Geri

   

 

 

 

İleri

 

14. Bab - Hazret-i Peygamber'in (sallallahü aleyhi ve sellem) vefâtı Hakkında

76. Bize Süleyman b. Harb rivâyet edip (dedi ki) bize Hammâd b. Zeyd, Eyyûb'dan, (o da) İkrime'den (naklen) haber verdi (ki İkrime) şöyle dedi: (Bir gün) el -Abbâs -Allahü teâlâ ondan razı olsun - demiş ki; "Resûlüllah'ın (sallallahü aleyhi ve sellem) içimizde kalışının ne (zamana kadar olacağını) kesinlikle anlayacağım." Bu gayeyle; "Ya Resûlüllah, demiş, ben onların sana eziyet verdiklerini, tozlarının seni rahatsız ettiğini gördüm. Kendine, onlara üzerinden konuşacağın küçük bir kürsü edinsen!". Bunun üzerine (Hazret-i Peygamber) şöyle buyurmuştur: "Beni onlardan bizzat Allah kurtarıncaya kadar, (peşimden gelip) topuğuma bastıkları, kaftanımı çekiştirdikleri bir halde onların arasında olmaya devam edeceğim!". (el -Abbâs) demişki, "Bu söz üzerine anladım ki onun içimizde kalışı az olacaktır".

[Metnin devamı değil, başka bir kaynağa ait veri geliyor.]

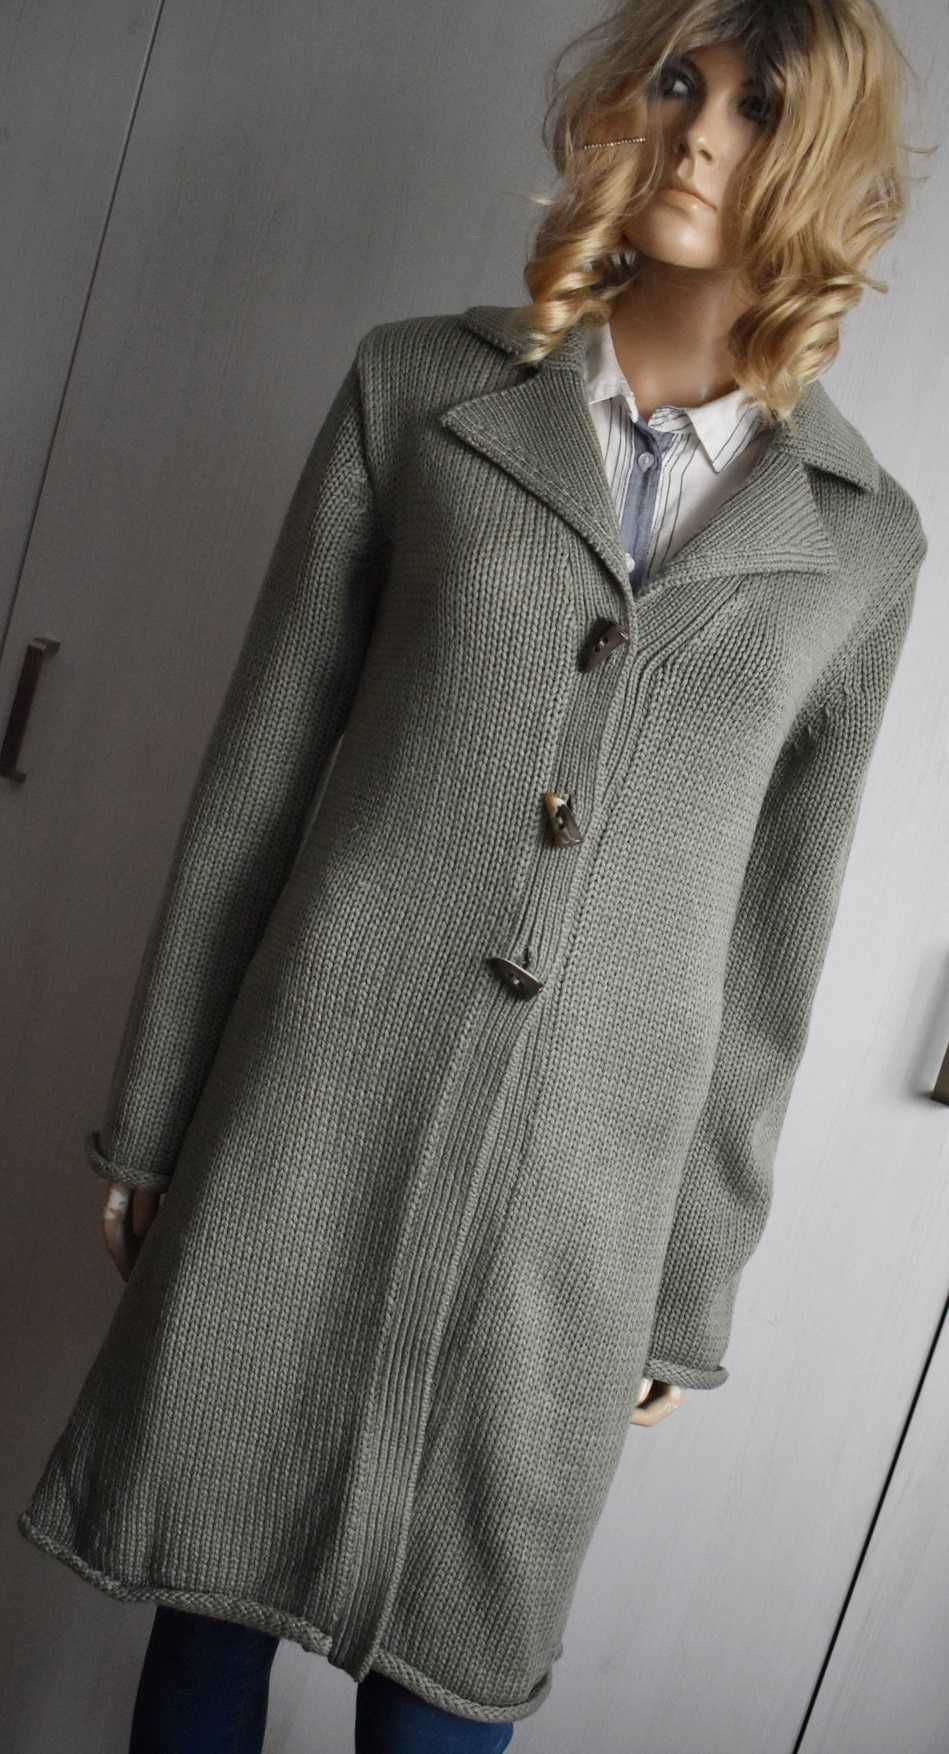 Sweter S M 36 kardigan Miętowy dzianinowy ciepły H&M gruby płaszcz

77. Bize el -Hakem b. Mûsa haber verip (dedi ki) bize Yahya b. Hamza, el -Evzâ'î'den, (o da) Dâvûd b. Alî'den (naklen) rivâyet etti (ki Dâvûd) şöyle dedi: "Ya Resûlüllah, denmiş, sana kapıcılık yapıp (halkın senin yanına girmelerine mani olalım mı?)". "Hayır, buyurmuştur, onları bırakın! Allah beni onlardan (kurtarıp) rahata kavuşturana kadar onlar benim topuğuma basar, ben onların topuklarına basarım. "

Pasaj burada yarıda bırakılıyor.